# Exercise aim
Repeat the data that follows, word for word, without the images.

=== Begin Enclosure ===

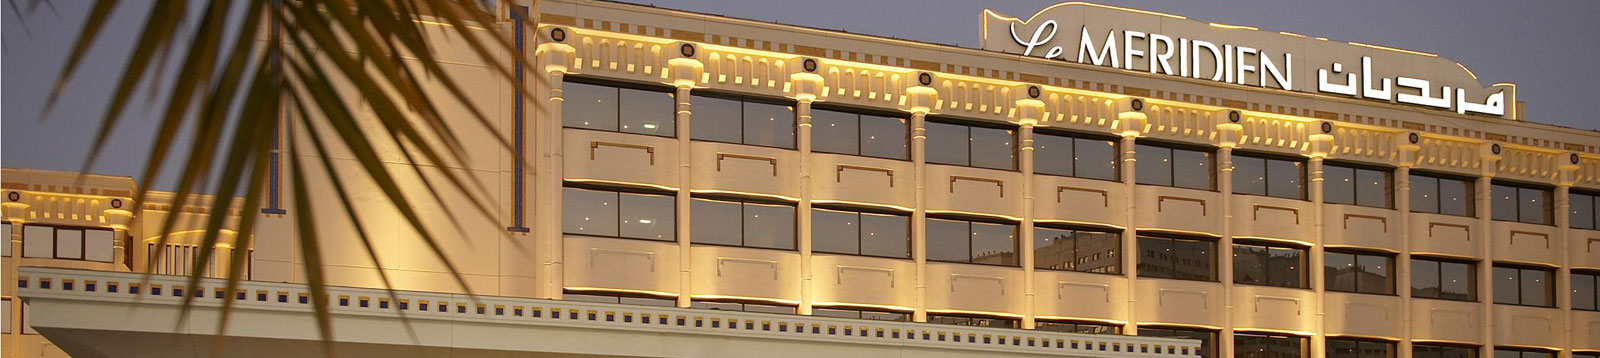 Le Meridien Hotel Abu Dhabi
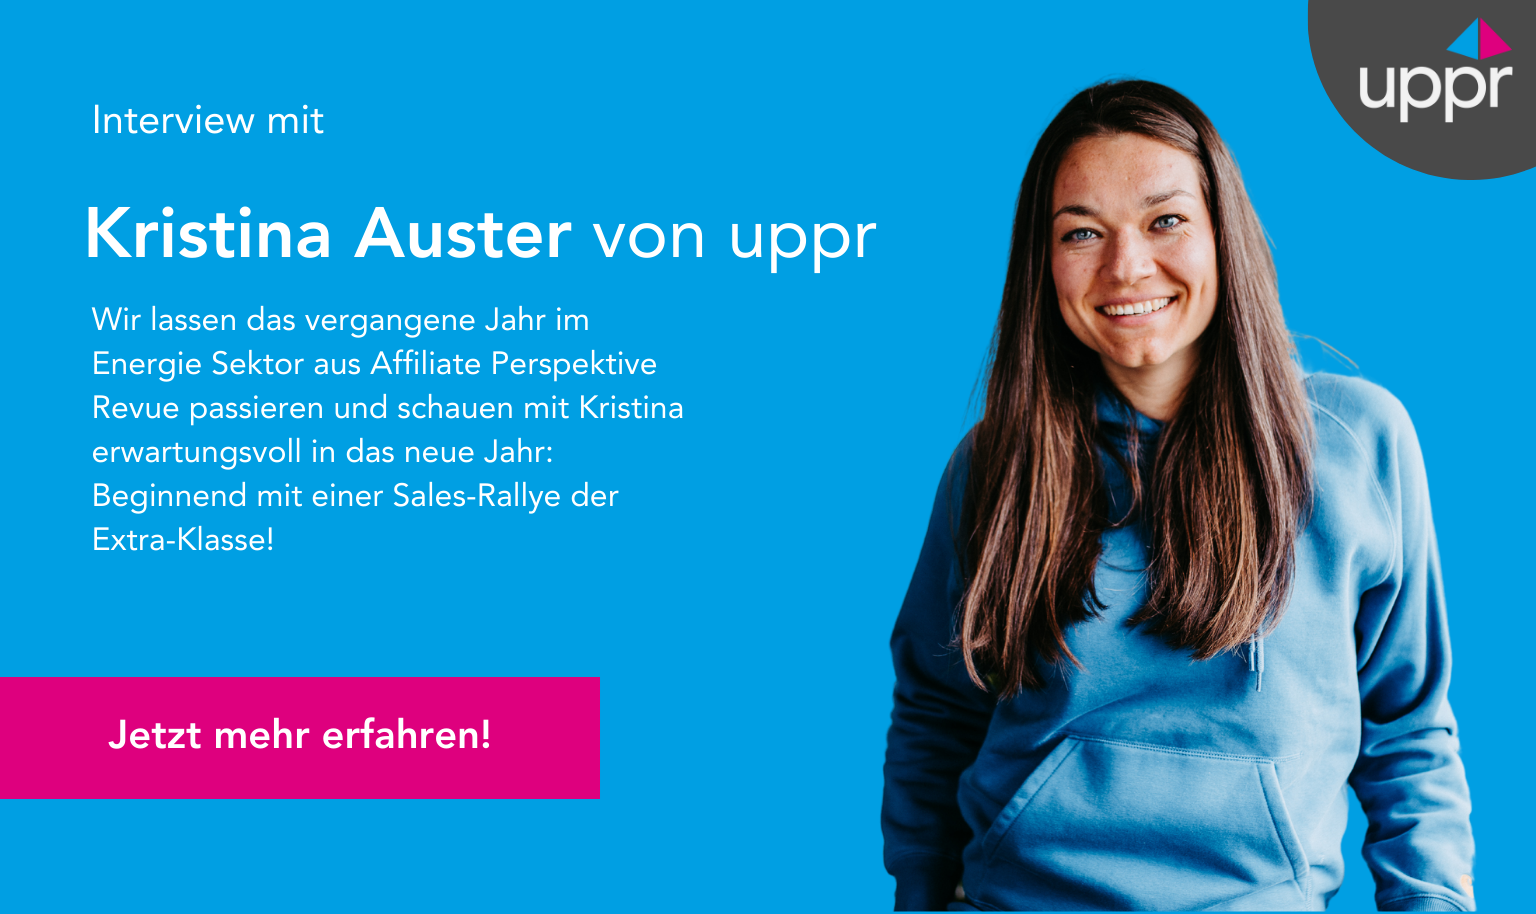 Interview mit Kristina Auster von uppr
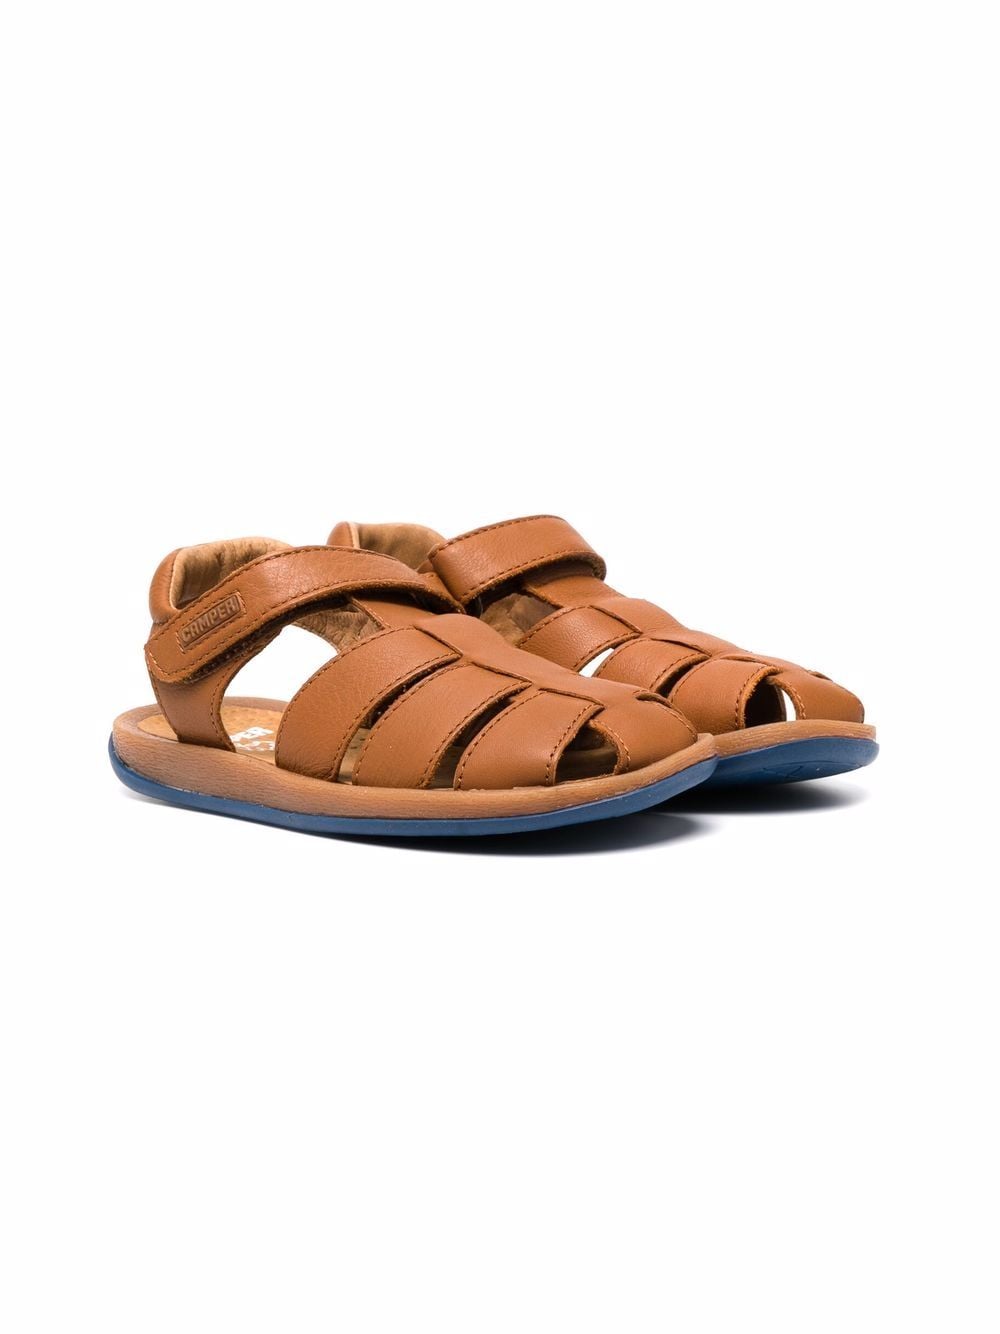 Camper Kids Bicho leather sandals - Brown von Camper Kids
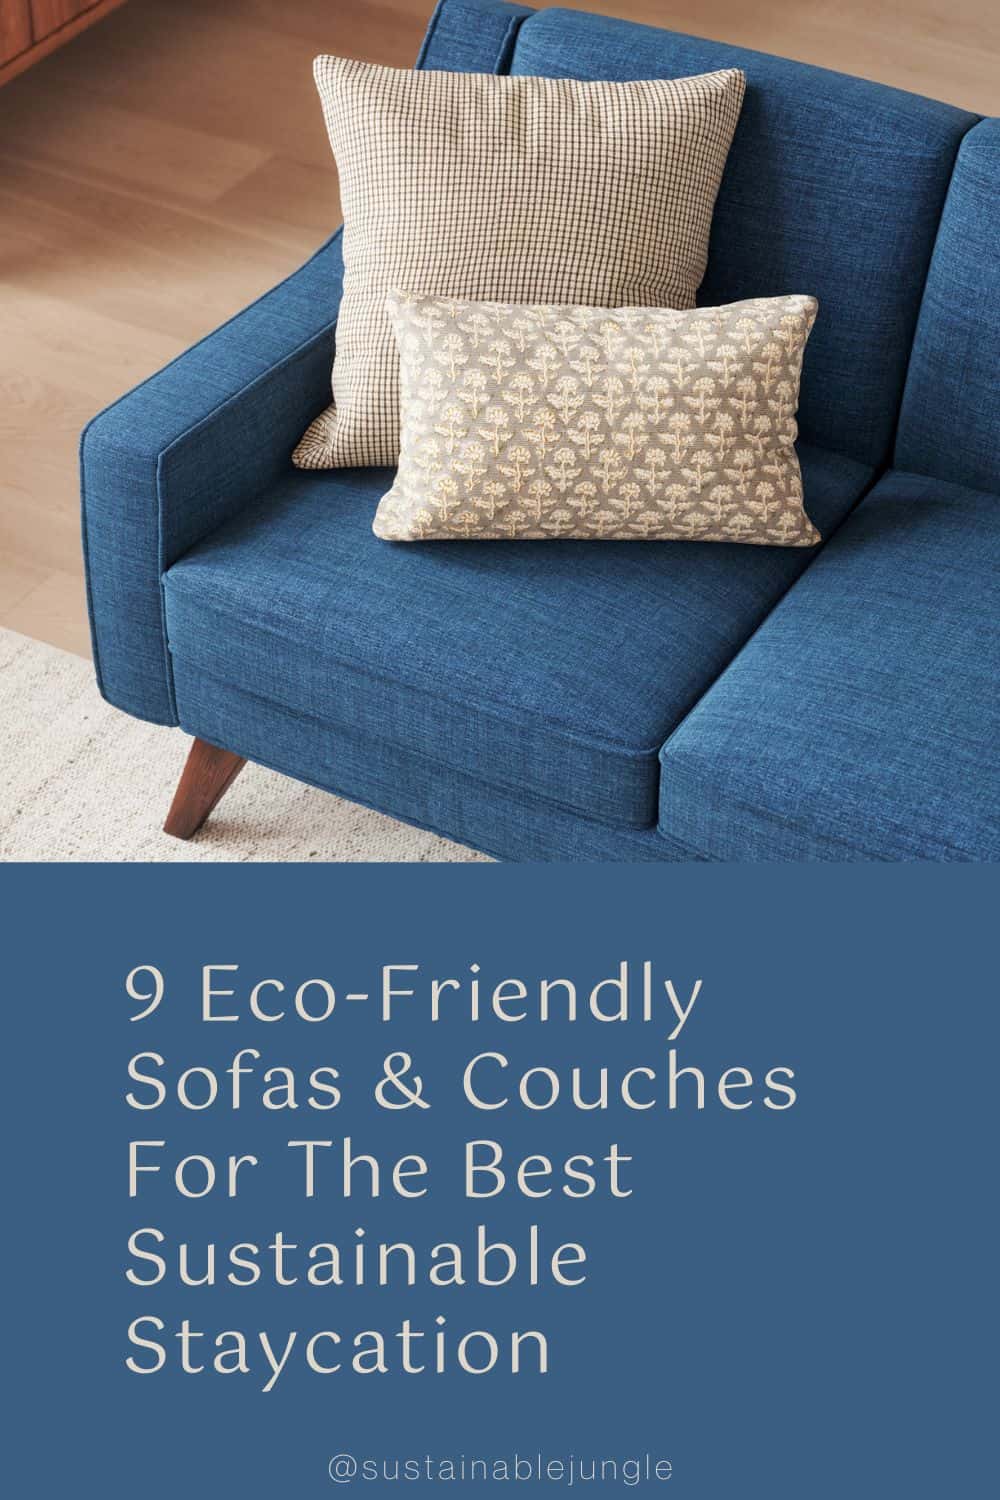 9个环保沙发和沙发，最佳可持续的居家度假形象，作者:Medley #生态友好沙发#生态友好沙发#生态友好沙发#生态友好分区沙发#可持续的沙发#可持续的森林
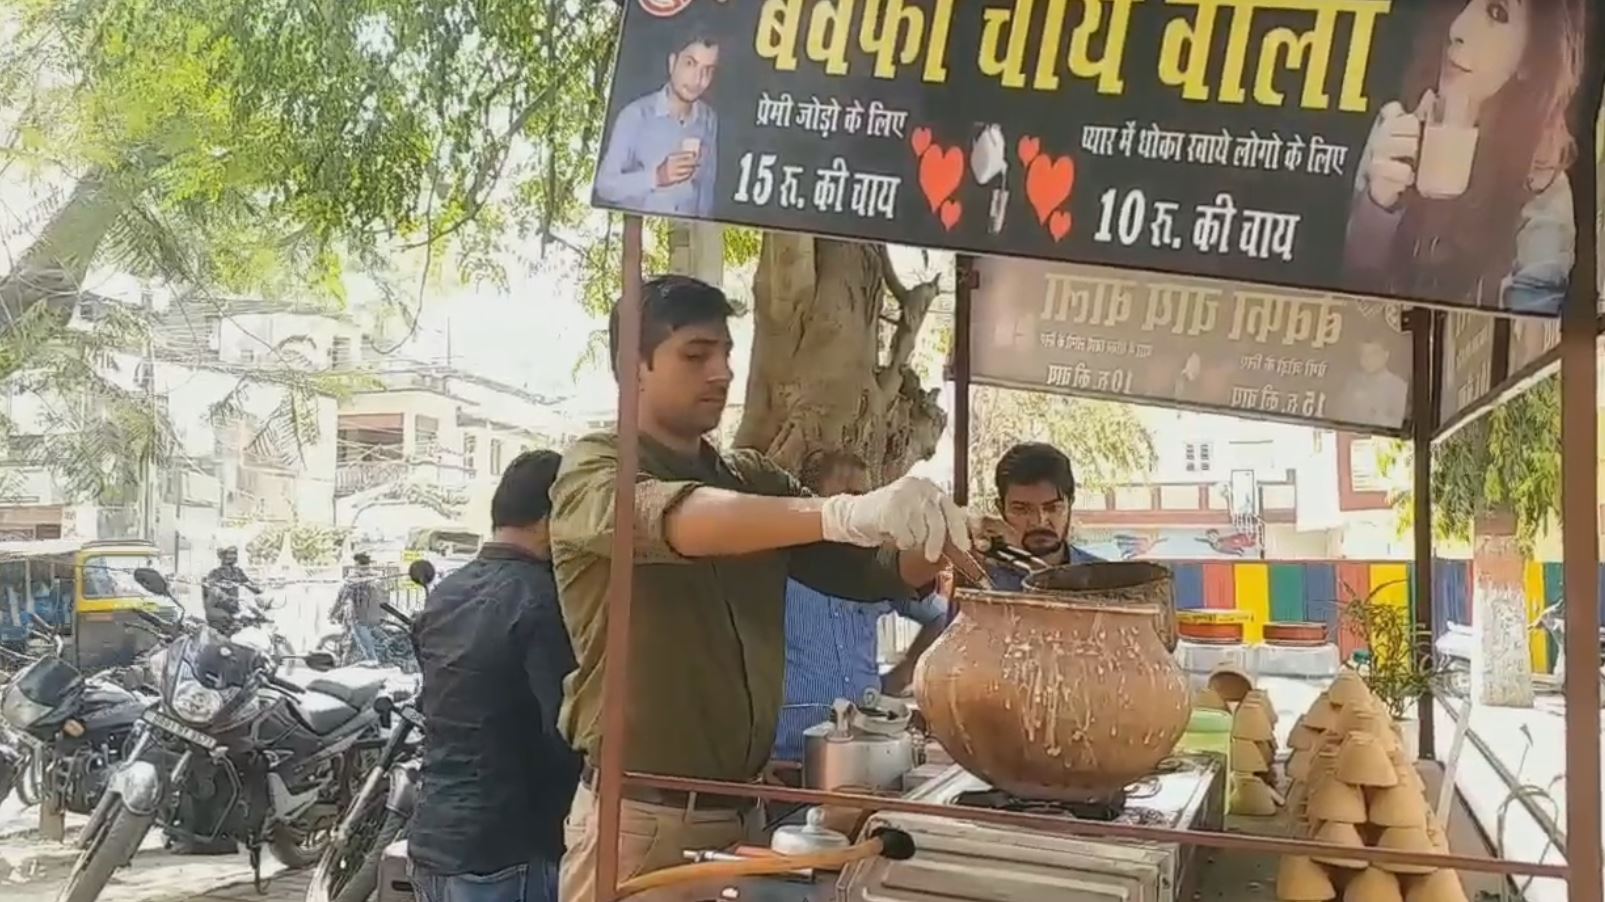 प्यार में धोखा मिलने के बाद अब संदीप बेचते हैं चाय

=== End Enclosure ===

# Solution
 Le Meridien Hotel Abu Dhabi
 Interview mit Kristina Auster von uppr
 Camper Kids Bicho leather sandals - Brown von Camper Kids
 9个环保沙发和沙发，最佳可持续的居家度假形象，作者:Medley #生态友好沙发#生态友好沙发#生态友好沙发#生态友好分区沙发#可持续的沙发#可持续的森林
 प्यार में धोखा मिलने के बाद अब संदीप बेचते हैं चाय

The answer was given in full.